Far more informative was an earlier Star Tribune piece by Jim Paulsen, filed on July 9, which noted the names of the Lynx spokeswomen, captains Seimone Augustus, Rebekkah Brunson, Maya Moore and Lindsay Whalen, and quoted Brunson as follows:
“Racial profiling is a problem. Senseless violence is a problem. The divide is way too big between our communities and those who have vowed to protect and serve us… Racism and unjust phobic fear and disregard of black females is very real… We do not, in any way, condone violence against the men and women who serve on our police force. Senseless violence and retaliation will not bring us peace…”
Paulsen added that the co-captains didn’t take questions.
Meanwhile, a follow-up piece in The Washington Post July 12 noted (the italics are mine):
“The backs of the shirts bore the names of two men killed by police officers in incidents in Minnesota and Louisiana last week, the logo for the Dallas Police Department and the words, ‘Black Lives Matter.’”
The Post piece, by Des Bieler, also noted that Augustus “is a native of Baton Rouge, La., where one of the men, Alton Sterling, was shot and killed….In 2012, Augustus spoke out about a personal experience of racial profiling by Minnesota police, when she was pulled over for an object hanging from her rear-view mirror that turned out to be an air freshener and was questioned about her out-of-state license plate.”
So — did the off-duty officers who walked out know that the players had “denounced the ‘senseless ambush’ of Dallas police”? Did they see the Dallas logo on the back of the shirts? Did they know about the prior incident involving Augustus? Was Lt. Kroll asked about these facts? Were the off-duty officers who walked out?
And how did the rival team, the Dallas Wings, react? After all, they play for Dallas. It would have been especially interesting to see what they thought about all the killings — five of them in their hometown and one in neighboring Louisiana. Were the Wings irritated, inspired or something else by the fact that their opponents were exercising their right to express themselves? We don’t know.
Nor do we know what the fans — any of them — thought, although we do know there were 7,613 of them in attendance.
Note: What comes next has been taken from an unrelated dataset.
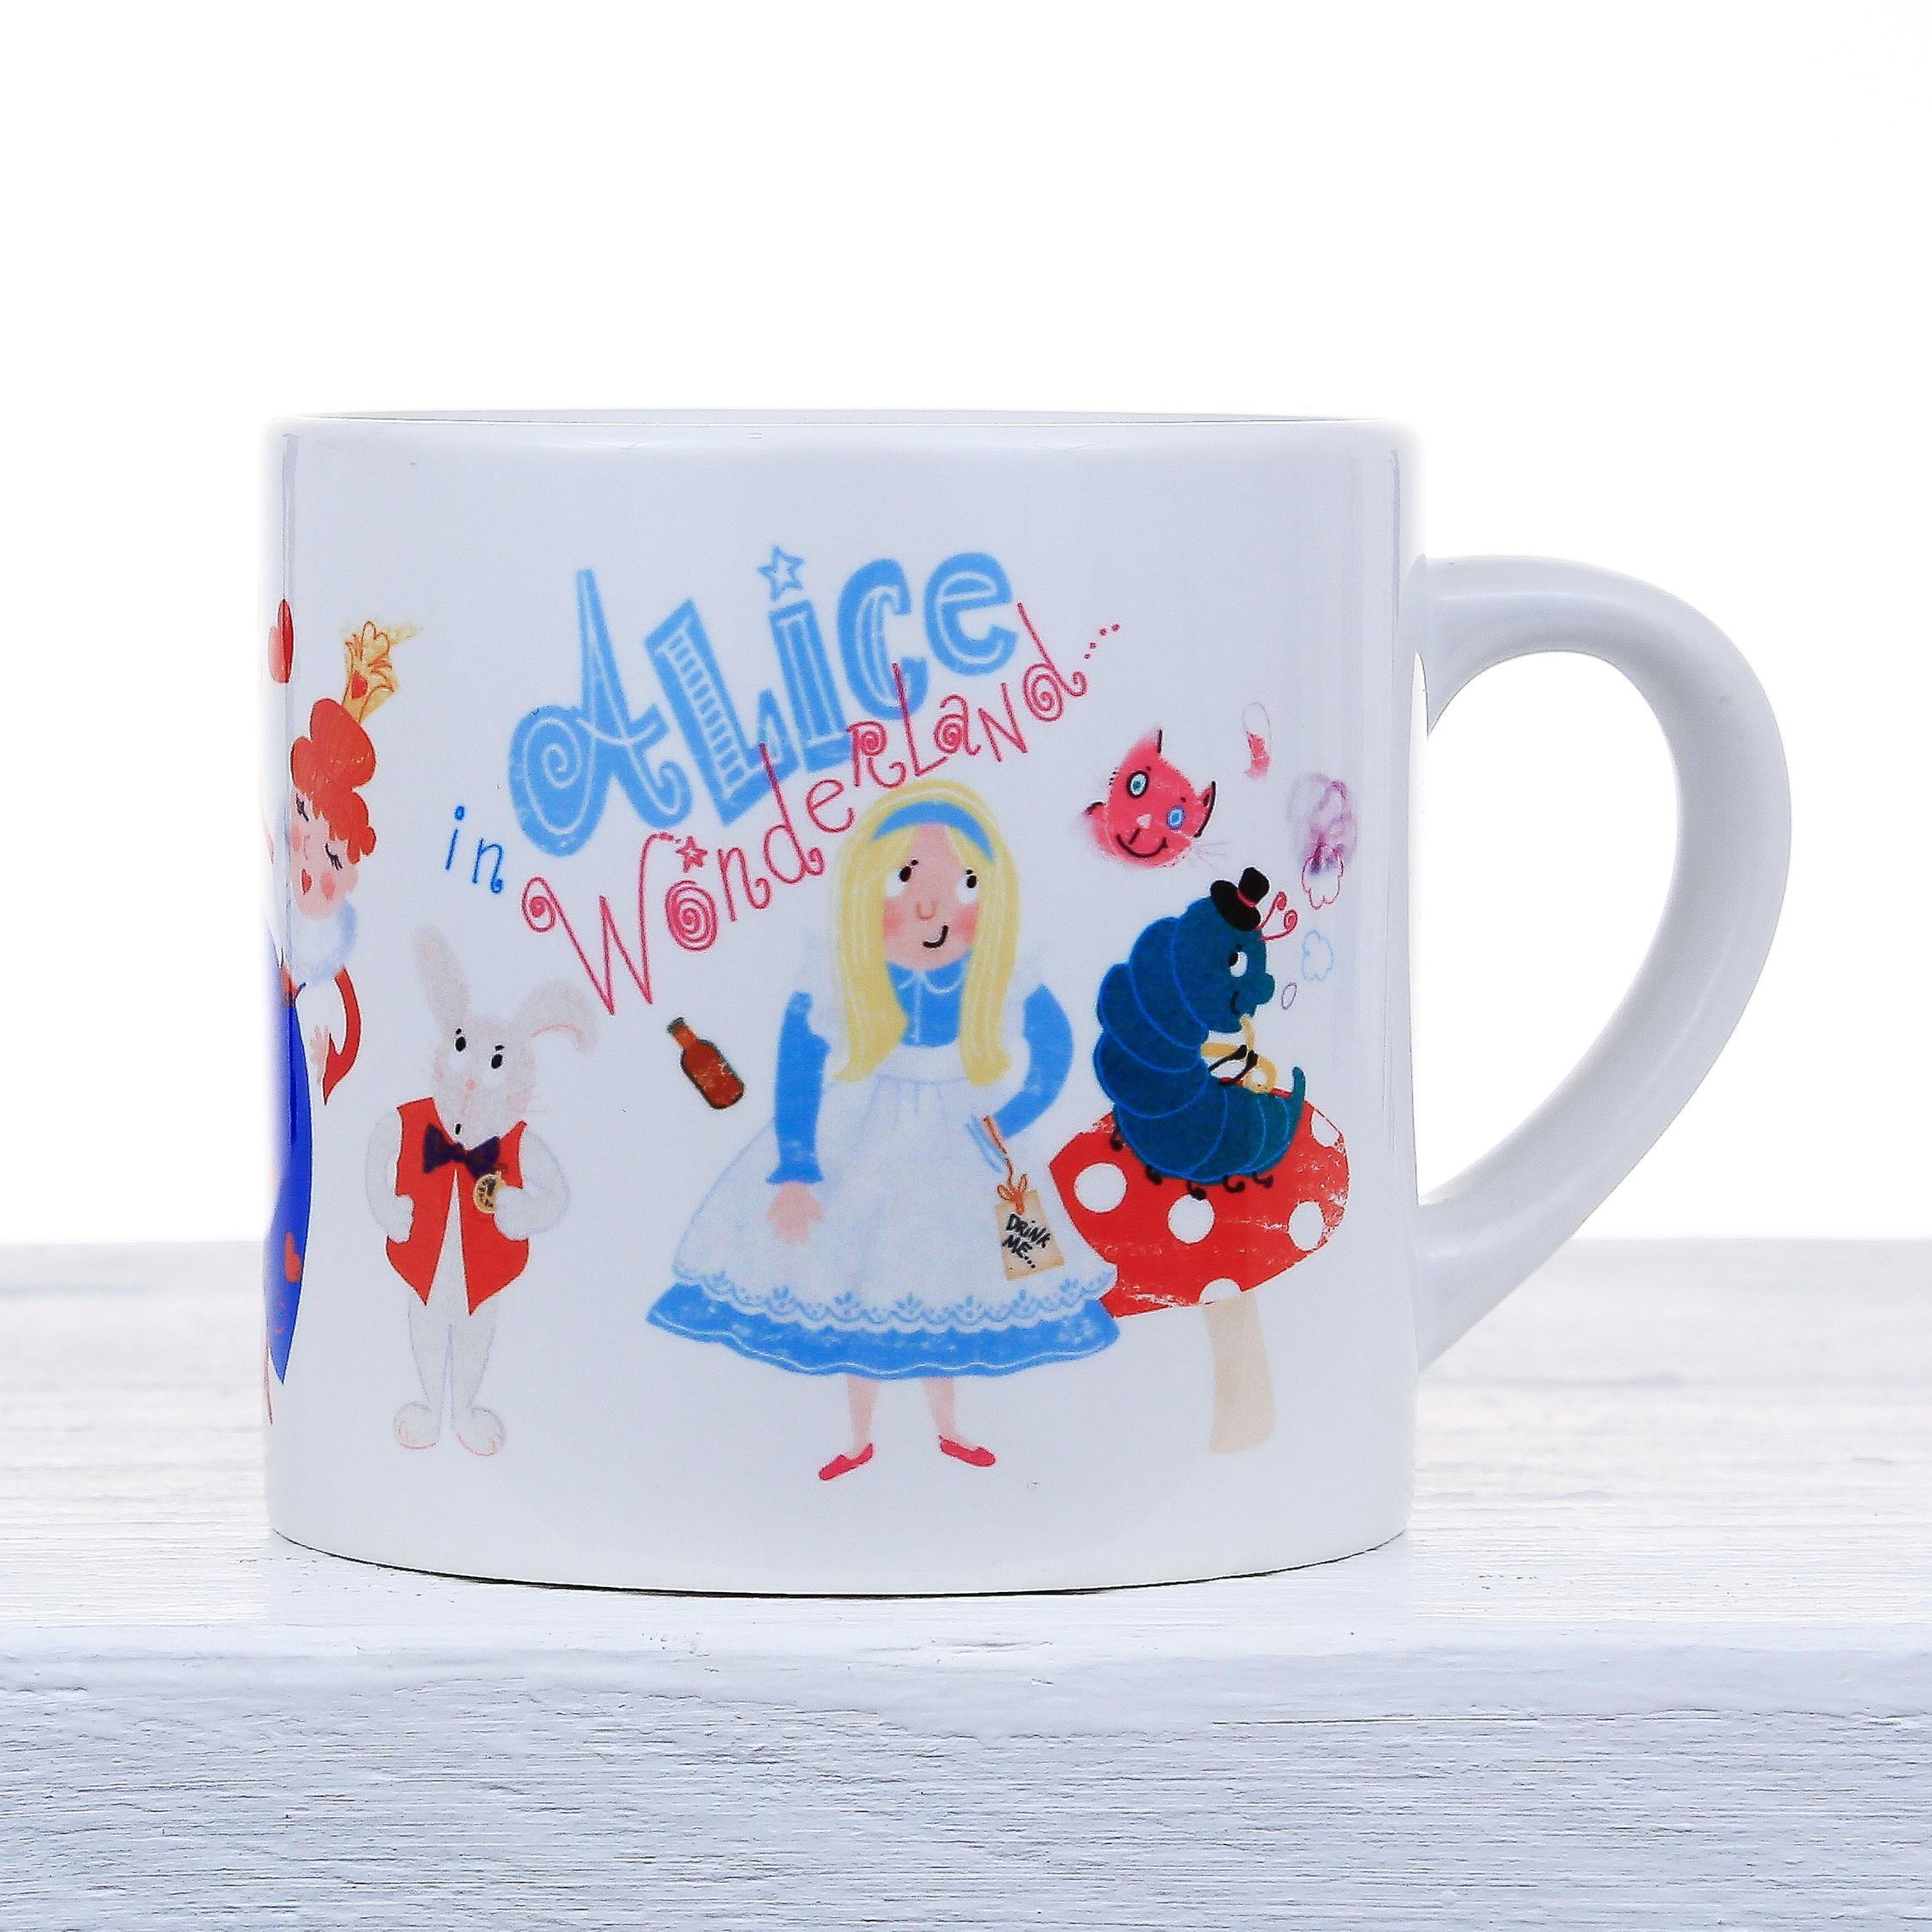 Nursery Rhyme Wonderland Smug Alice In xrChQdtsB
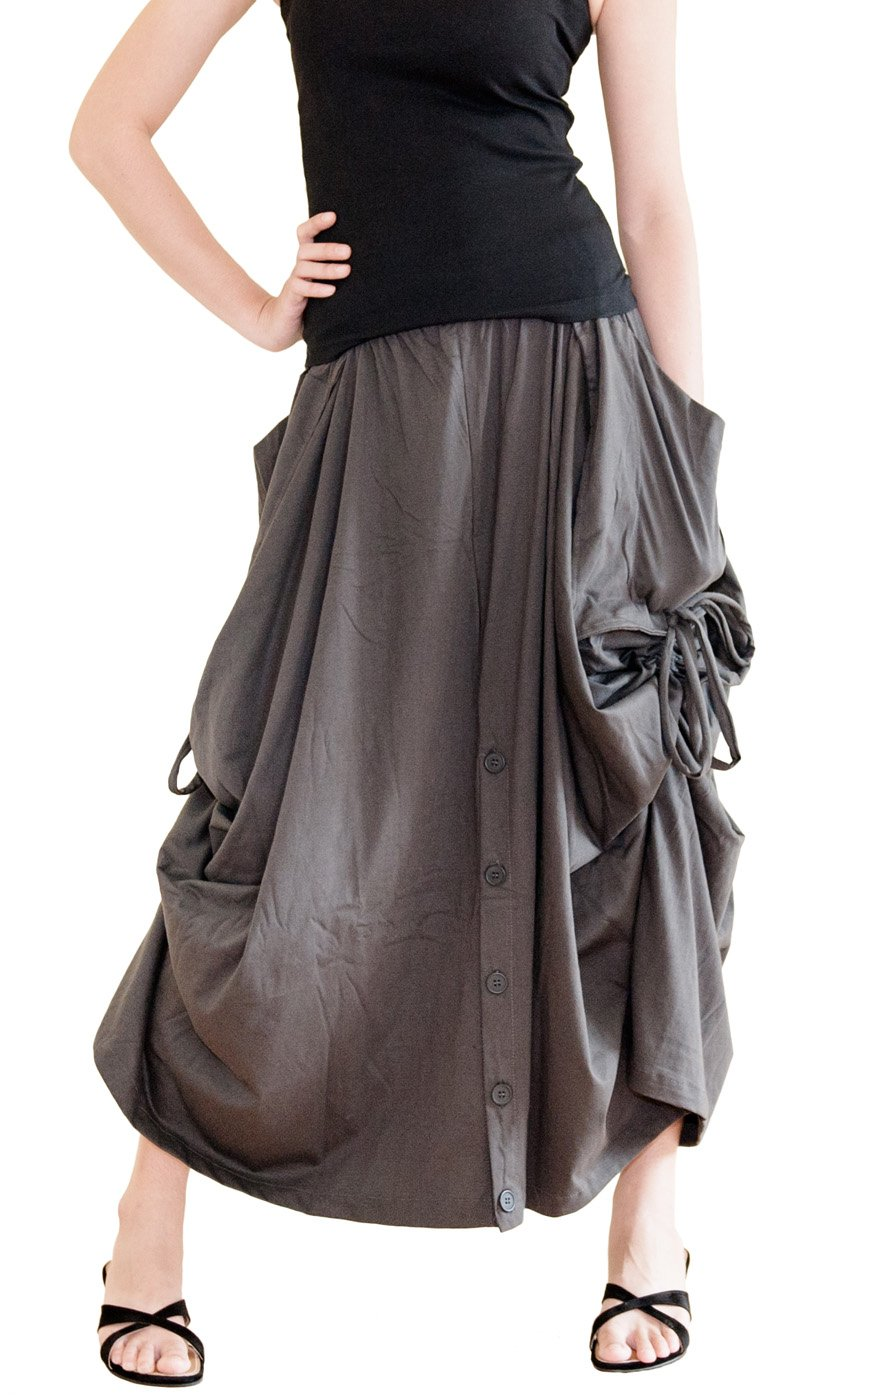 BohoHill Convertible Maxi Skirt Pants Cotton Jersey Versatile Skirt  Charcoal (One Size)

Since assumptions are flying around thick and fast about racial polarization in America, wouldn’t it have been interesting to read what some citizens think?
The Star Tribune’s July 11 article is not only shallow, it also traffics in stereotypes and stereotypes only. It doesn’t seek out information that might complicate the idea of polarization.
This is the journalism of resignation. It shrugs its shoulders. It says, in effect, polarization is everywhere and absolute. It says that the truth here is signed, sealed, and delivered. If there is any contrary evidence to be gathered, the reader won’t know.
A “conversation about race” is not accomplished by acts of stenography, tit versus tat, black hats versus white hats. A conversation jostles assumptions. A conversation seeks to grasp and explore more than two points of view. It investigates why people say what they say, and whether any of them change their minds because they might have heard — if they were listening — something other than what they expected to hear.
Journalists can expedite that conversation, or they can spin their wheels and contribute to the vast blindness afflicting an agonized nation that, at least sometimes, strives to learn something it doesn’t already know.